Israeli algorithms help you get your dates straight
Posted By admin On July 19, 2004 @ 7:00 pm In | No Comments
The algorithms for date conversion are surprisingly concise, considering the complicated math on which they are based. (Illustration: Pnina Wolinsky-Sissman)The e-mail came from a Swede requesting that Tel Aviv University Professor Nachum Dershowitz look into the rules of the Samaritan calendar “since he was already there in Israel.”
Thus began the latest odyssey of Dershowitz, a member of the School of Computer Science, Raymond and Beverly Sackler Faculty of Exact Sciences, in systemizing yet another of the world’s dating systems – this time of a secretive, traditionalist religious sect of only 1,000 people that live in a radius of about 65 mile radius from the TAU campus.
To date, Dershowitz and his colleague Prof. Edward M. Reingold of the Illinois Institute of Technology, USA, have mathematically analyzed 25 of the world’s calendars in the first and only project of its kind. They have provided equations and algorithms for quick and accurate calculation of dates within each system, as well as for conversion of dates between calendars.
The second edition of their book, Calendrical Calculations, encodes the rules for two dozen calendars in mathematical form, and describes how they relate to one another. Among the systems described are the Gregorian (in near universal use today), Islamic, Persian, Coptic, Baha’i, Hebrew, Mayan, Chinese, and modern Hindu. (www.calendarists.com)
“When you want to know in advance whether a particular date is a holiday, or when Ramadan will be in 2010, or how to convert the Chinese New Year into a date in the Jewish calendar,” Dershowitz says, “the calculations can be very intricate.”
What he and Reingold did was to define for several major calendar groups exactly how they can be computed.

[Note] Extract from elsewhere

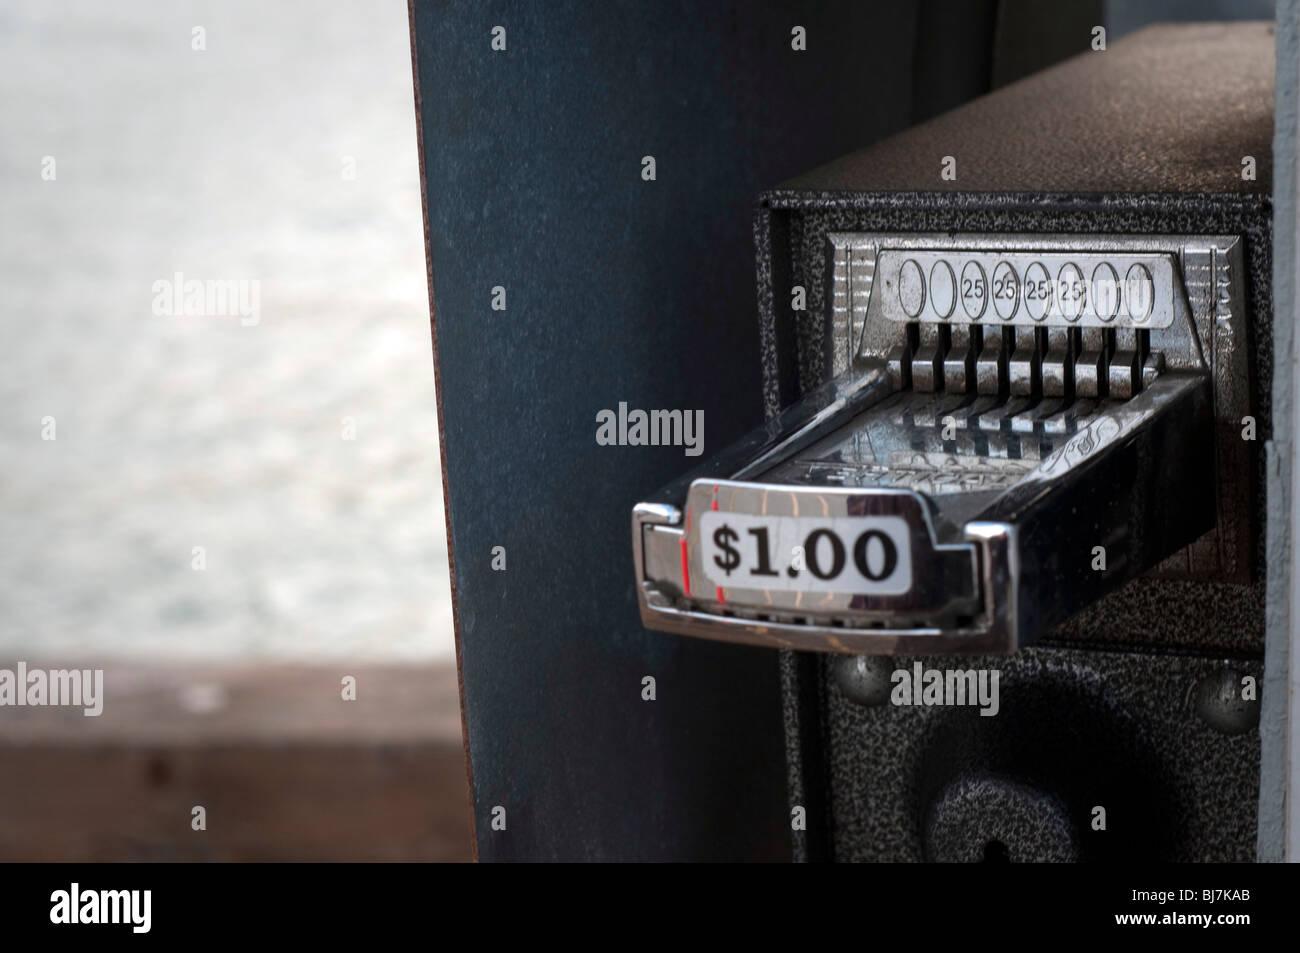 A quarter coin operating dispenser. - Stock Image

Their algorithms for date conversion are surprisingly concise, considering the complicated math on which they are based.
One problem solved by the calendrical algorithms is rampant errors in computer software. Leap years were inserted into spreadsheet programs where they shouldn’t be, and daylight savings times were miscalculated in computer operating systems. Now, the researchers’ accurate dating and conversion tools are used in business, communications, genealogical and diary software.

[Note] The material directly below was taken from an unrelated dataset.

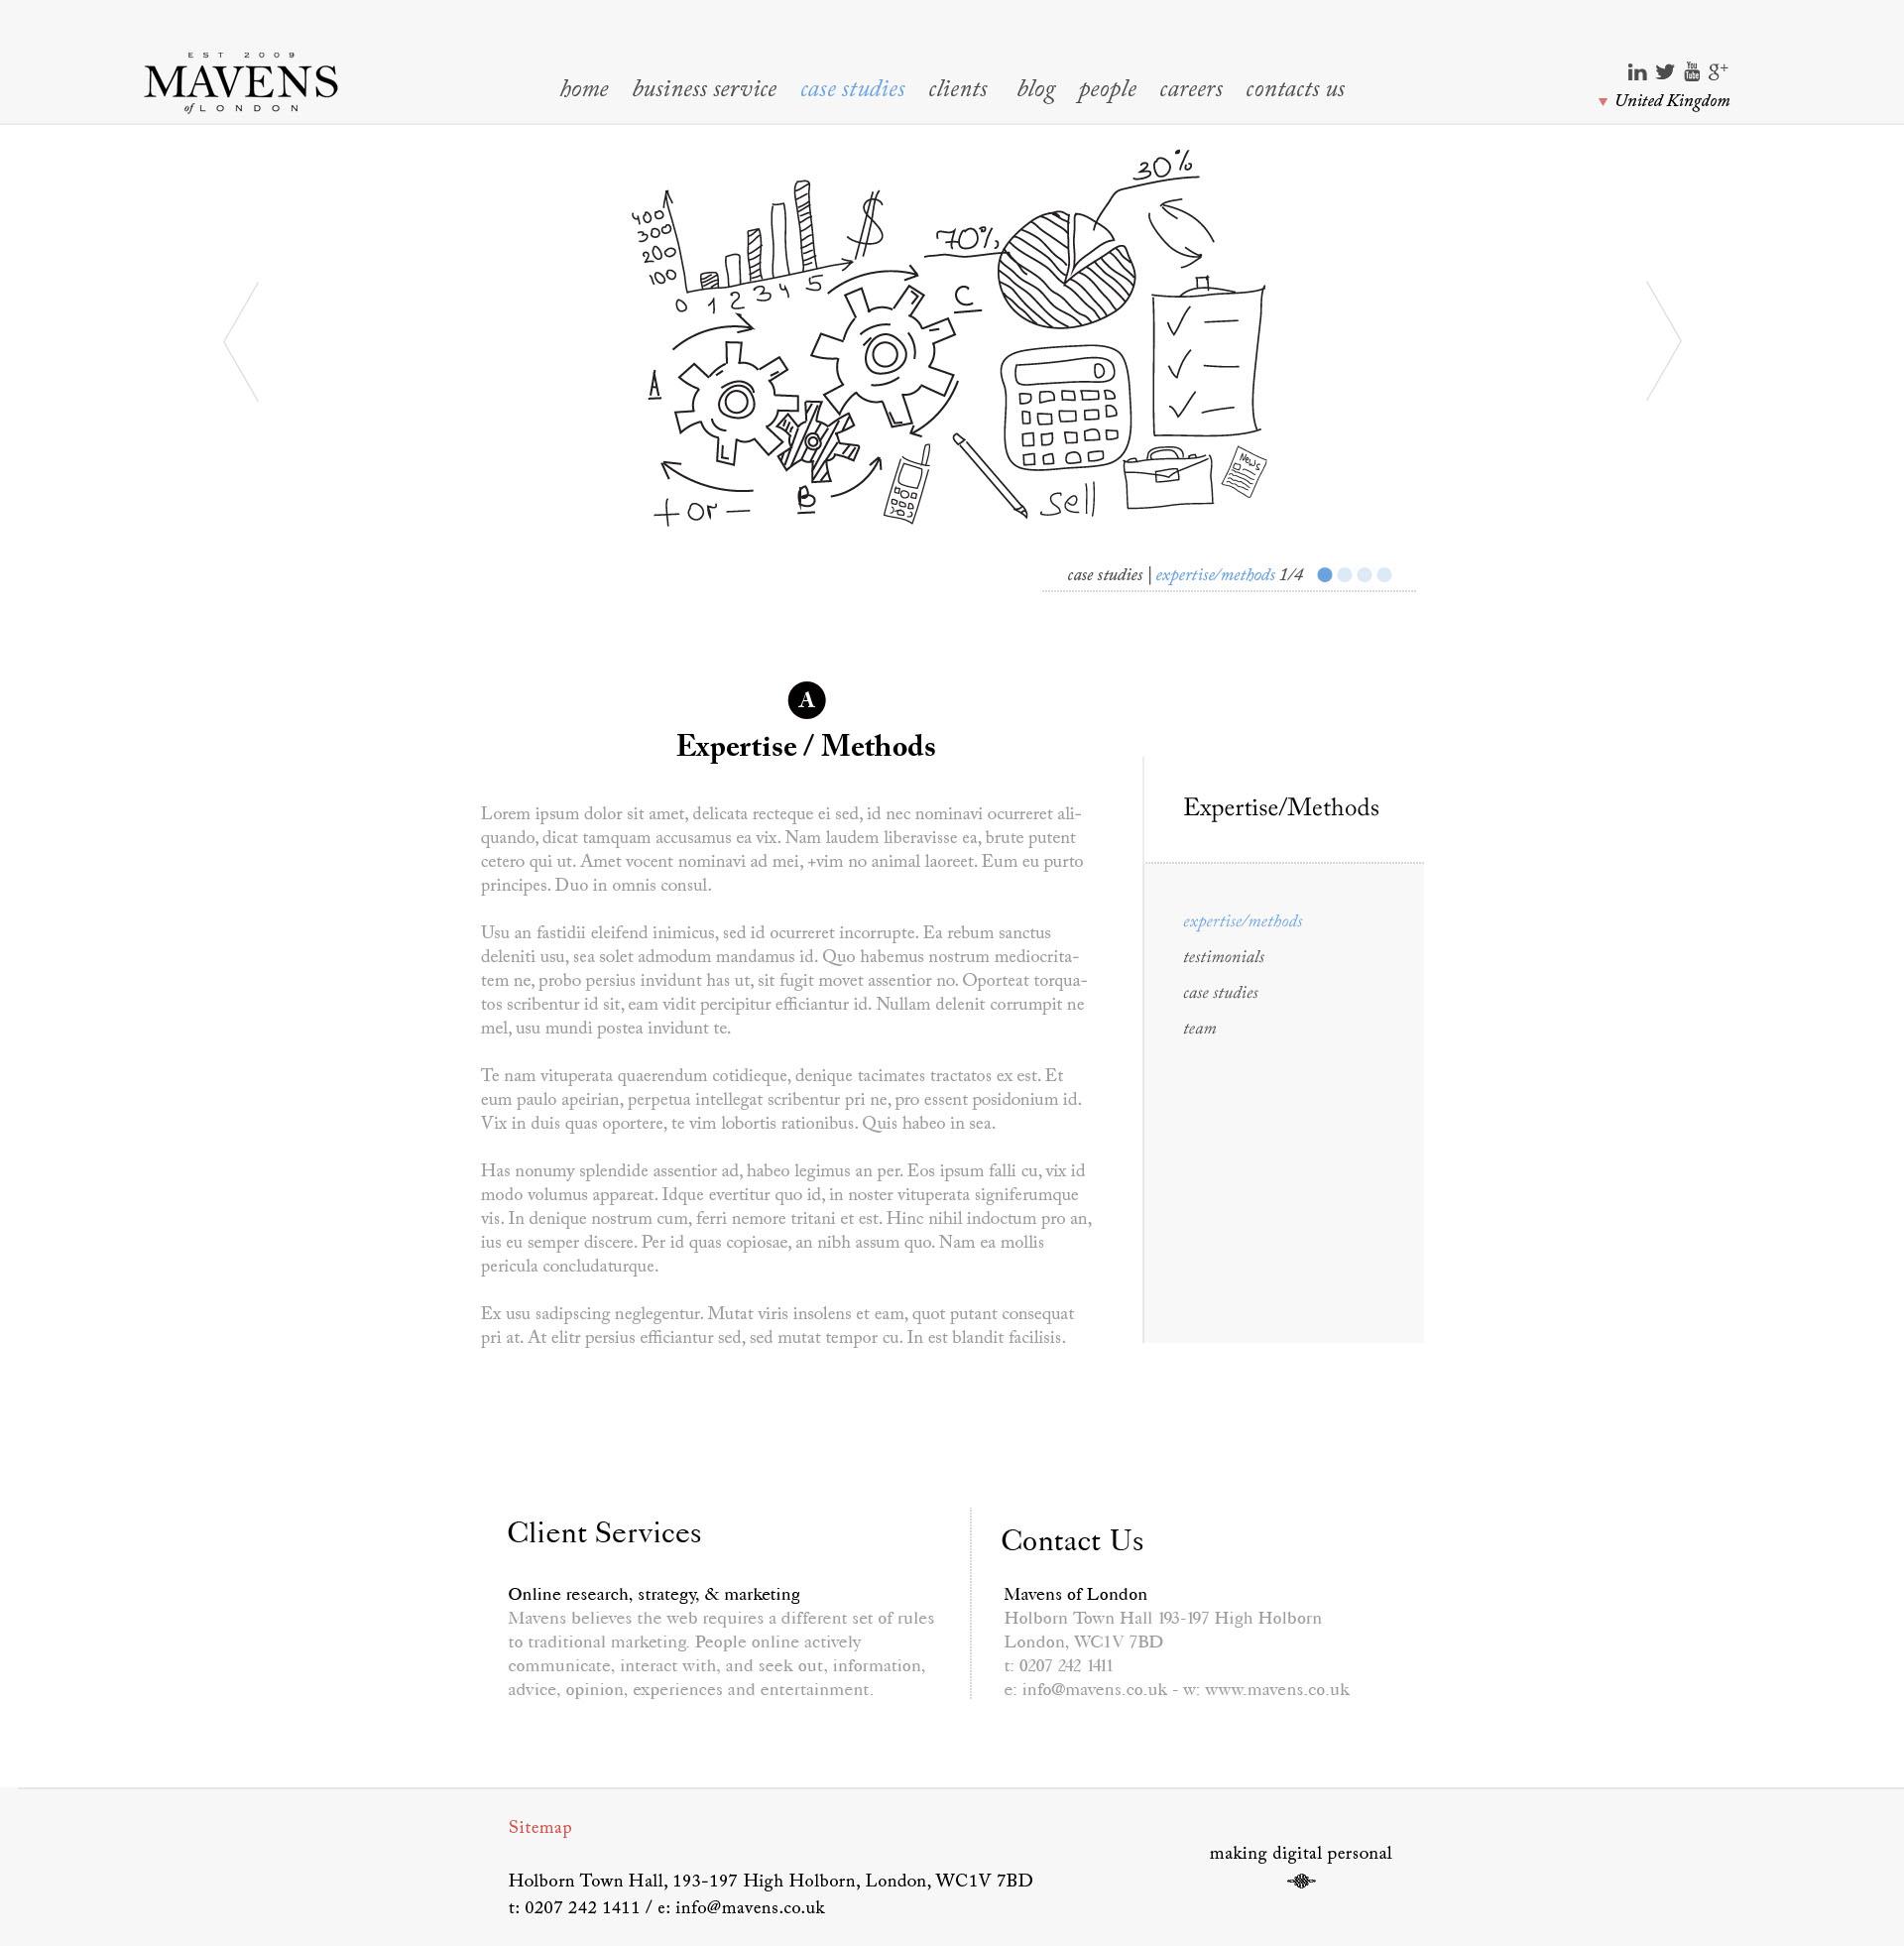 Mavens of London / Case Studies

Dershowitz notes that, for the Chinese calendar, there had been no calculations in a Western language beforehand. For the difficult, geographically-based Indian calendars – which can vary from province to province – there had never been an attempt to program them.

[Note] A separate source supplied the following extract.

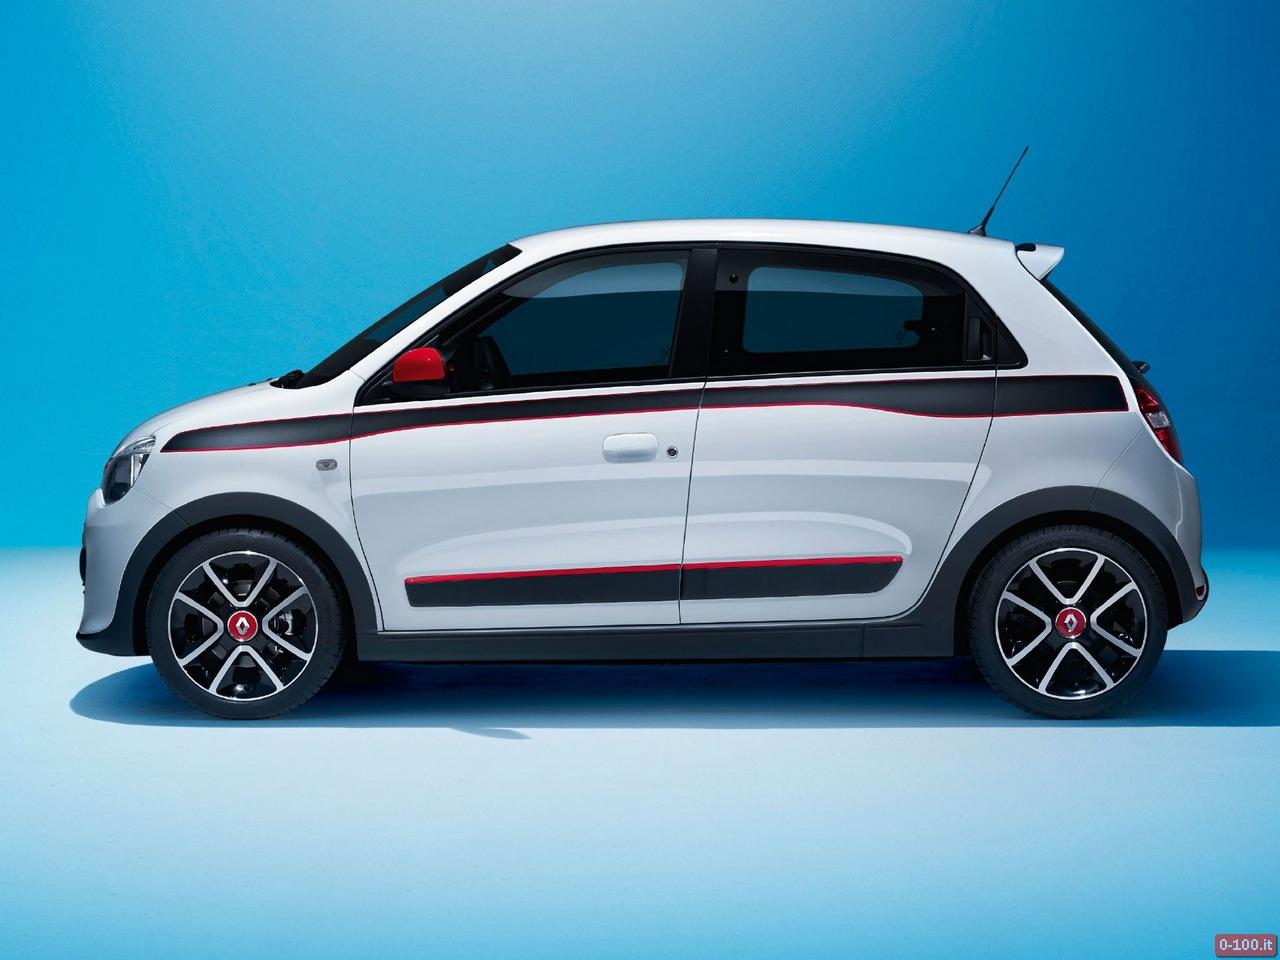 geneve-2014-renault-twingo-motore-posteriore-prezzo-0-100_7

But the best story by far involves the Persian calendar. Like the Gregorian calendar, the Persian calendar is solar, but the lengths of the months are calculated differently, as are leap days and leap years. Using library resources and faxed messages with an official in Tehran, Dershowitz and Reingold cracked the system, simplified it, and wrote up the math.
Their solutions were so elegant that the government of Iran invited them to attend a conference there – the first time that American-born scientists were asked to visit since the fall of the Shah in 1979.
Their calendrical calculations are also being used by computer scientist W. Daniel Hillis, laureate of Tel Aviv University’s 2002 Dan David Prize, who is building a clock for all time. His ’10,000 year’ clock synchronizes the date-keeping systems of many cultures and displays various calendar systems such as the Mayan, Muslim and Hindu ones.